- Taibach Location within Neath Port Talbot
- Population: 4,799 (2011 census)
- OS grid reference: SS775889
- Principal area: Neath Port Talbot;
- Preserved county: West Glamorgan;
- Country: Wales
- Sovereign state: United Kingdom
- Post town: PORT TALBOT
- Postcode district: SA13
- Dialling code: 01639
- Police: South Wales
- Fire: Mid and West Wales
- Ambulance: Welsh
- UK Parliament: Aberafan Maesteg;
- Senedd Cymru – Welsh Parliament: Aberavon;
- Councillors: Anthony Taylor (Labour); Rachel Taylor (Labour);

= Taibach =

Taibach, also spelled as Tai-bach (little houses), is a community and suburban district of Port Talbot, Wales. It is a settlement centered on the main A48 road, sandwiched between the river Ffrwdwyllt and Margam. Parts of Margam are within the community boundaries.

== History ==
The "little houses" of Taibach sprang up at the beginning of the 19th century in the parish of Margam as homes for colliery and other industrial workers, some way away from the historic village centre of Margam.

With the expansion of industrial activity in the parish, and, in particular, the foundation of the new port at Port Talbot, the whole area became a single conurbation, as it remains, and Taibach was subsumed within it.

== Amenities ==

The stretch of the A48 road through the area is the main shopping street and is named Commercial Road in the area.

The area has a Carnegie library and is next to the Talbot Memorial Park, an urban park. In the grounds of the park lies St Theodore's Church. The parish church was built in 1901 by Miss Emily Talbot in honour of Saint Theodore of Tarsus, and in remembrance of her late brother of the same name. The eastern border of the park is formed by the Ffrwdwyllt river. Ffrwdwyllt literally translates to 'wild torrent' in English. The river is popular among local anglers, especially in late autumn.

To the east of the area is the Eastern Primary School, the primary school attended by actor Richard Burton, under his real name of Richard Jenkins. The old Eastern Primary School is now the Taibach Community Education Centre, and was built the same year as Margam Castle in 1831. Taibach has its own Taibach Rugby Club.

The Labour politician and life peer Lord Heycock of Taibach took his title from this area, which had been the home of the Heycock family since about 1800.

==Government and politics==
Taibach is in the Senedd constituency of Aberavon and the UK constituency of Aberafan Maesteg.
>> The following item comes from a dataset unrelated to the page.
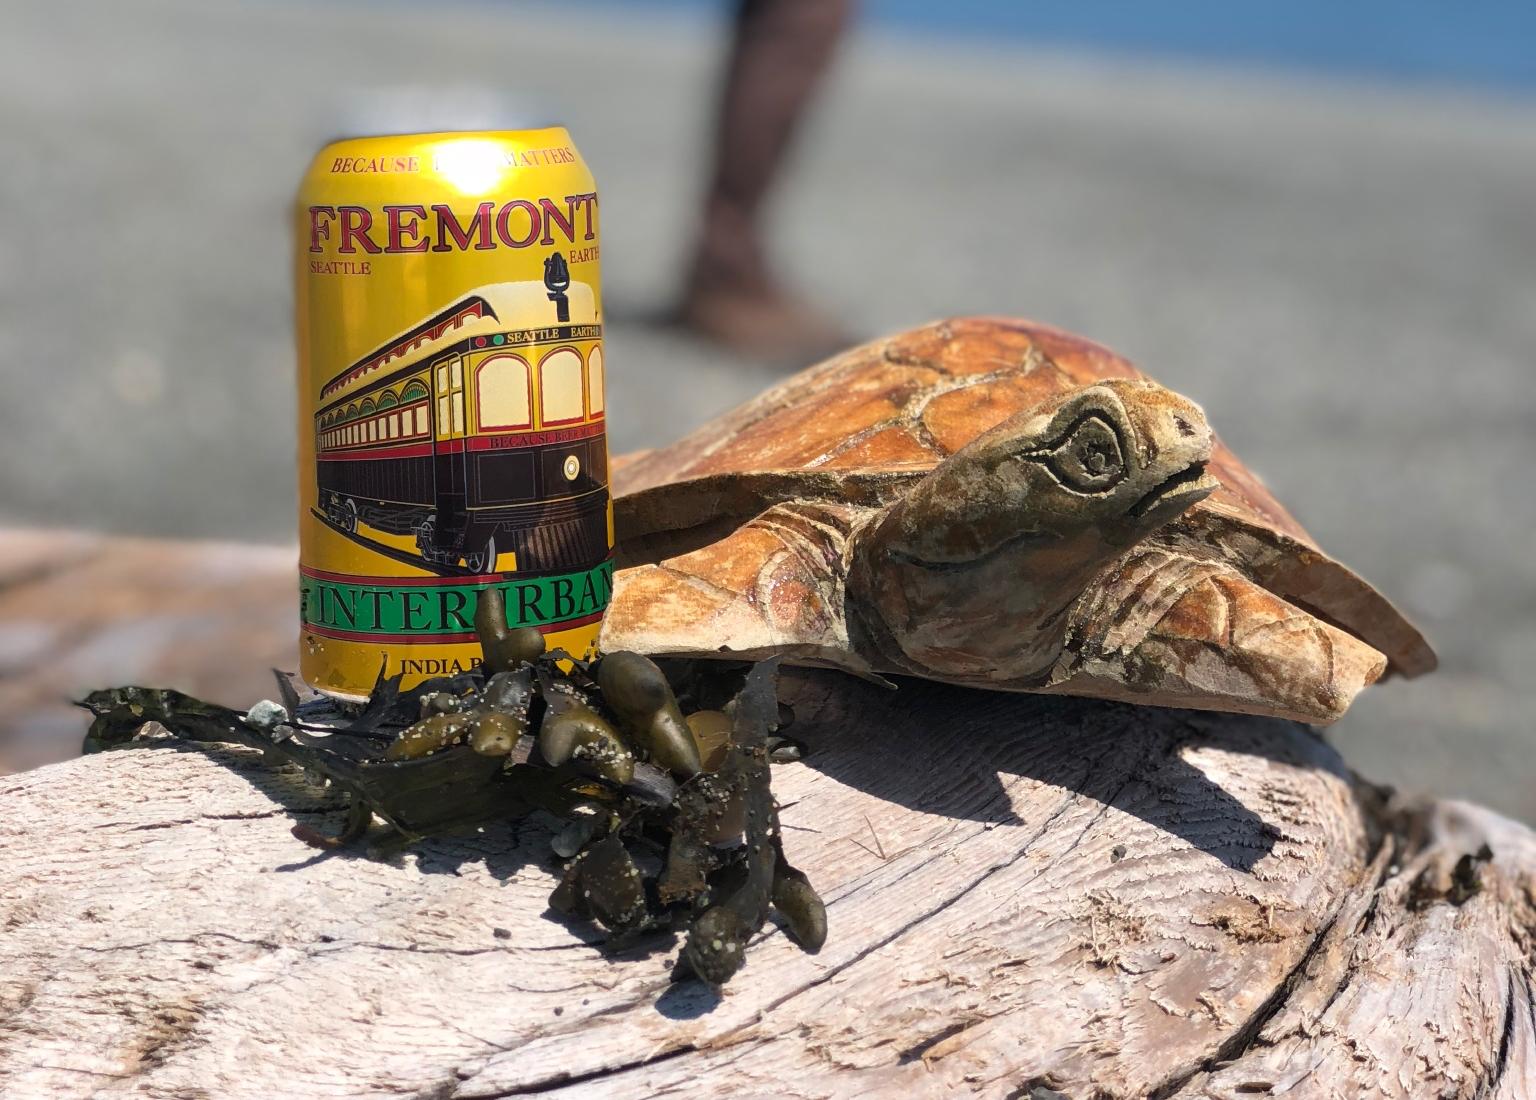 PNW Craft Beer Tasting & Kayaking Tour | Outdoor Odysseys

Since the 2022 local elections Taibach has been part of the Margam and Tai-bach electoral ward (including Margam and Margam Moors), which elects three councillors to Neath Port Talbot County Borough Council.

Taibach was the name of the electoral ward for Taibach prior to the 2022 elections, coterminous to the community. The electoral ward of Taibach included the district of Taibach and parts of Margam to the southwest and the village of Goytre to the north. However, most of the ward is open countryside and woodland spread over a steep hill.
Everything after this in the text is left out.